Jay Paterno, who abandoned a candidacy for lieutenant governor before this year's Democratic primary after his nominating petitions were challenged, is involved in two lawsuits in which Penn State is the defendant.

"I am not writing to exonerate my father because he did not commit a crime that needs a pardon," he wrote. "If anything, he is guilty of failing to possess the God-like qualities ascribed to him by others, qualities that Joe was the first to insist he never had."

In a phone interview, Jay Paterno said his father first realized Sandusky might be a child molester in late 2010, when he got word that a grand jury was investigating, long after Sandusky's retirement.

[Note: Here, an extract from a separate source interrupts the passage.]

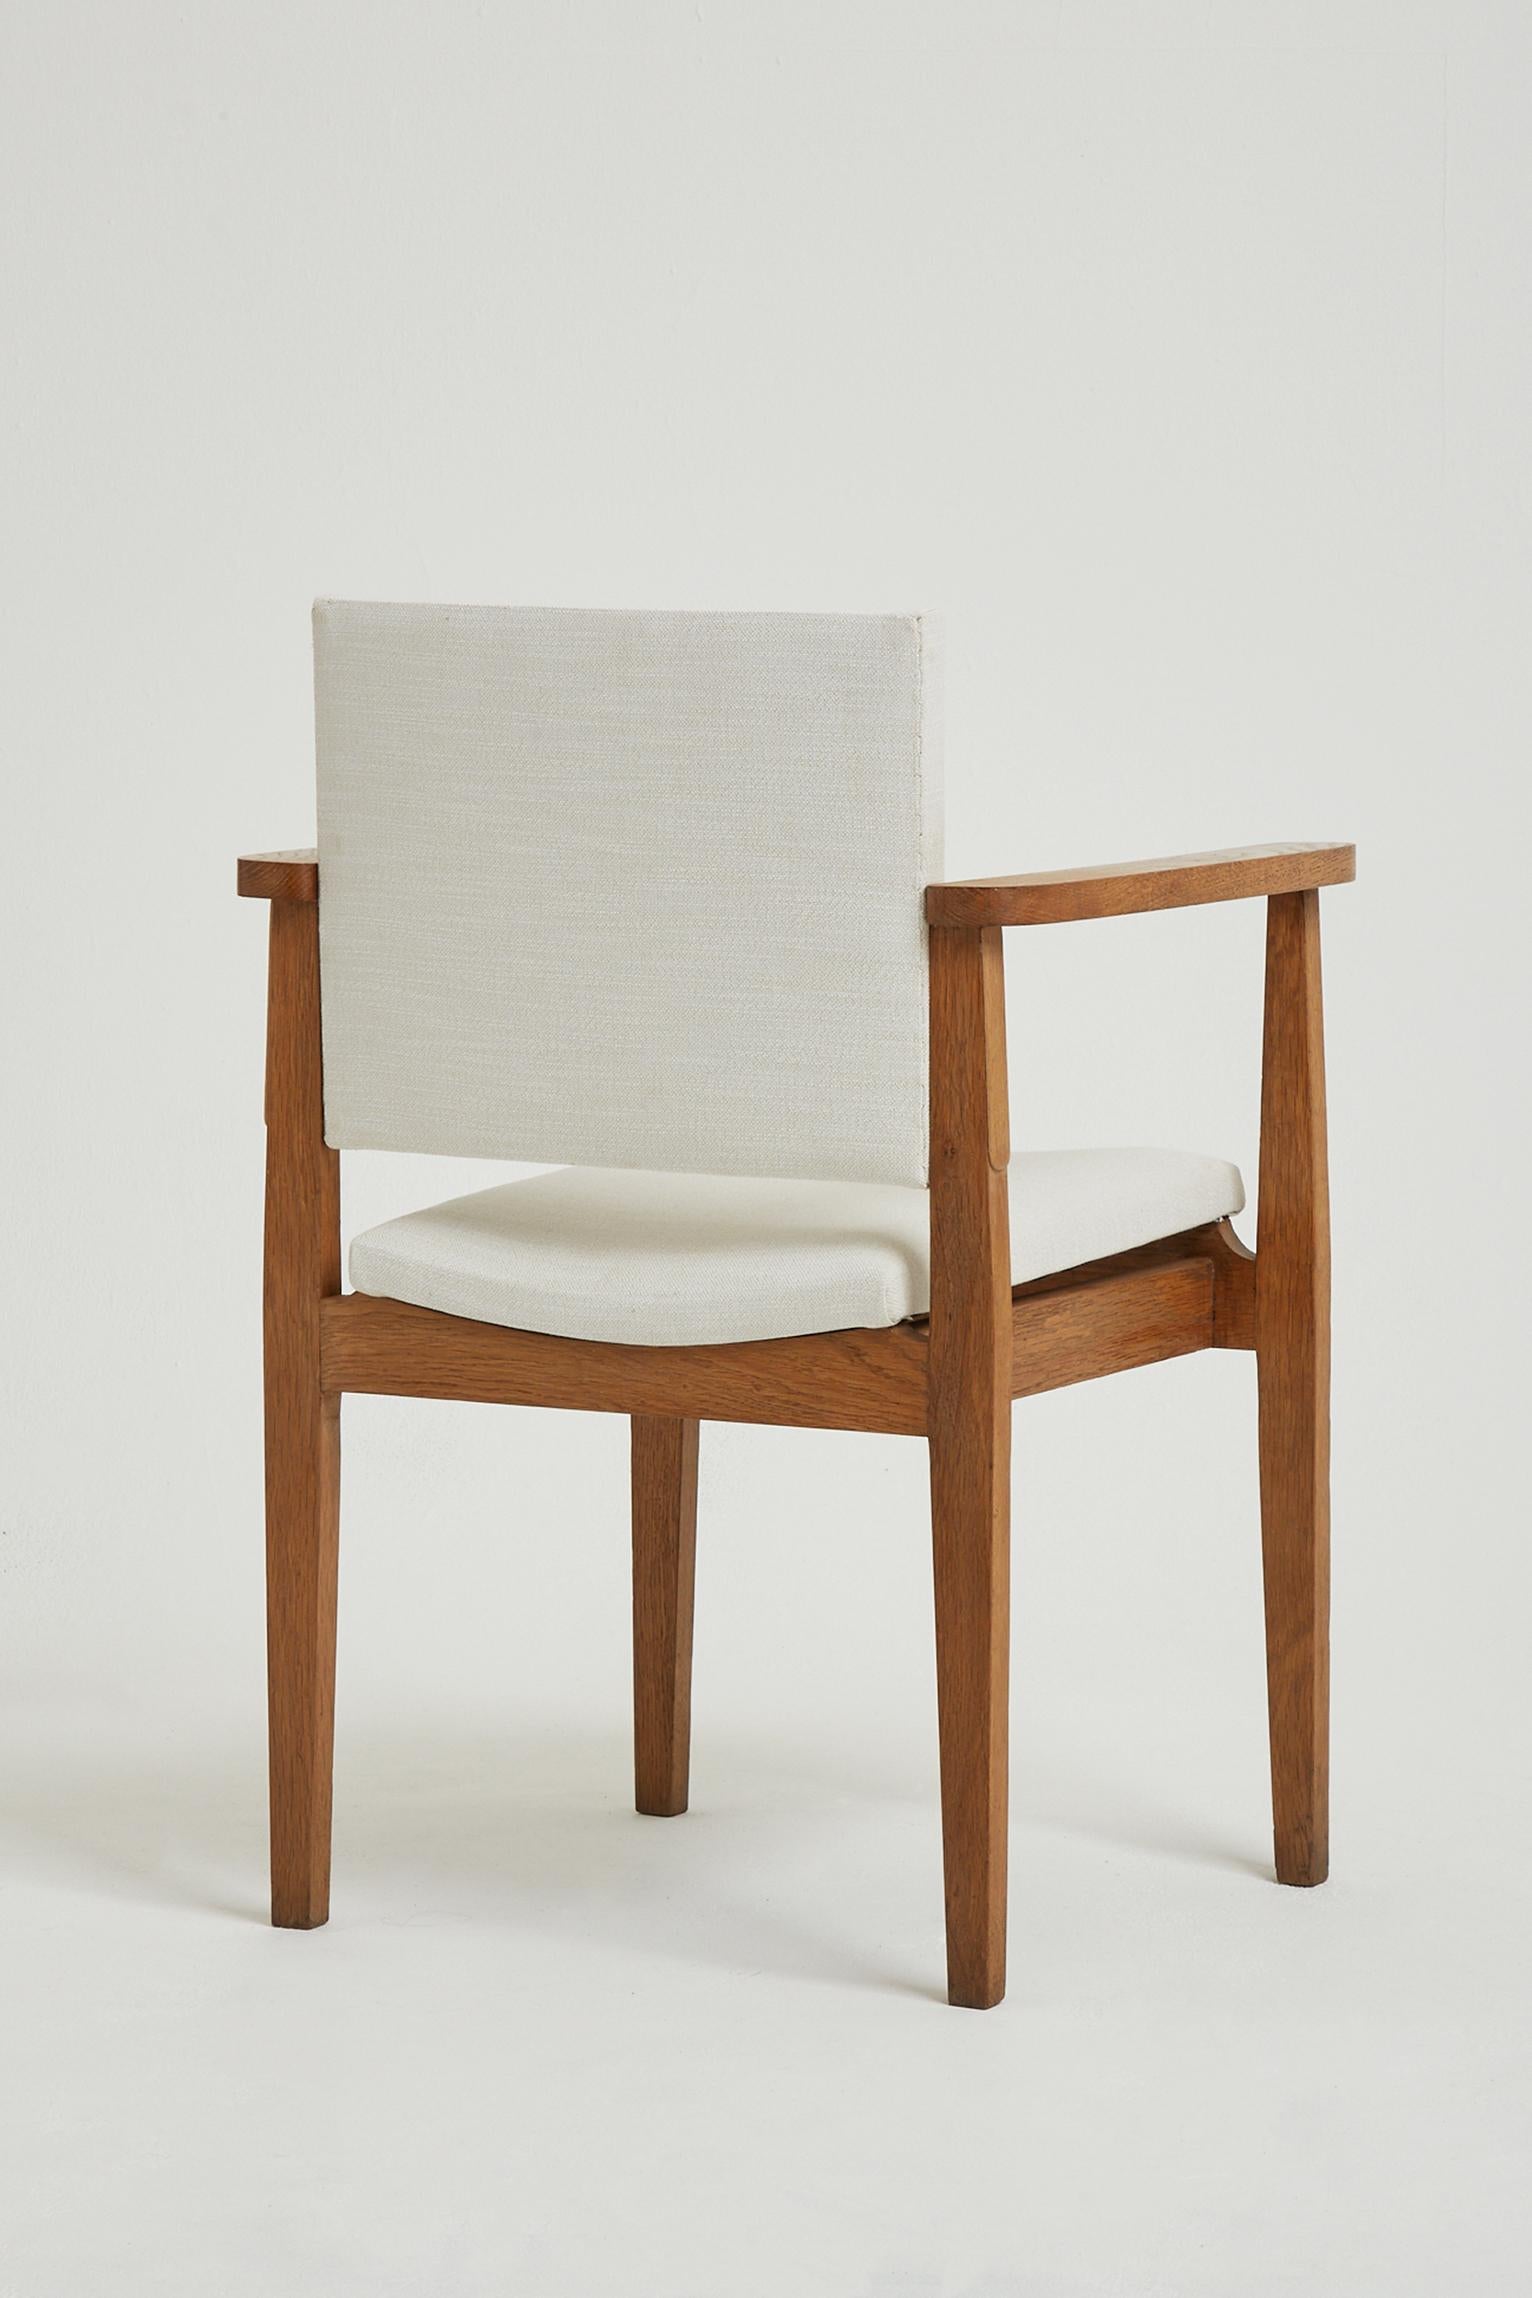 Sessel aus Eichenholz im Art déco-Stil (20. Jahrhundert)

The elder Paterno had fielded a complaint about Sandusky in a shower with a boy nearly a decade earlier and told the school's athletic director about it. Police weren't notified, however, and the report languished until a fresh complaint in 2008 prompted police to investigate Sandusky.

For Jay Paterno, the realization about Sandusky came within a few days of his father's testimony before the grand jury in January 2011.

Until then, he said, he had thought of Sandusky as someone who was doing a lot of good for people - Sandusky had established a charity for at-risk children in the 1970s, and prosecutors later determined he used it to find and groom victims.

"When you know somebody for so long, it's awfully hard to believe bad things about someone, when every sign in his life points the other way," he said.

Jay Paterno and another former assistant, Bill Kenney, filed a federal lawsuit last week seeking more than $1 million for their dismissal from the team when a new coach was hired in early 2012.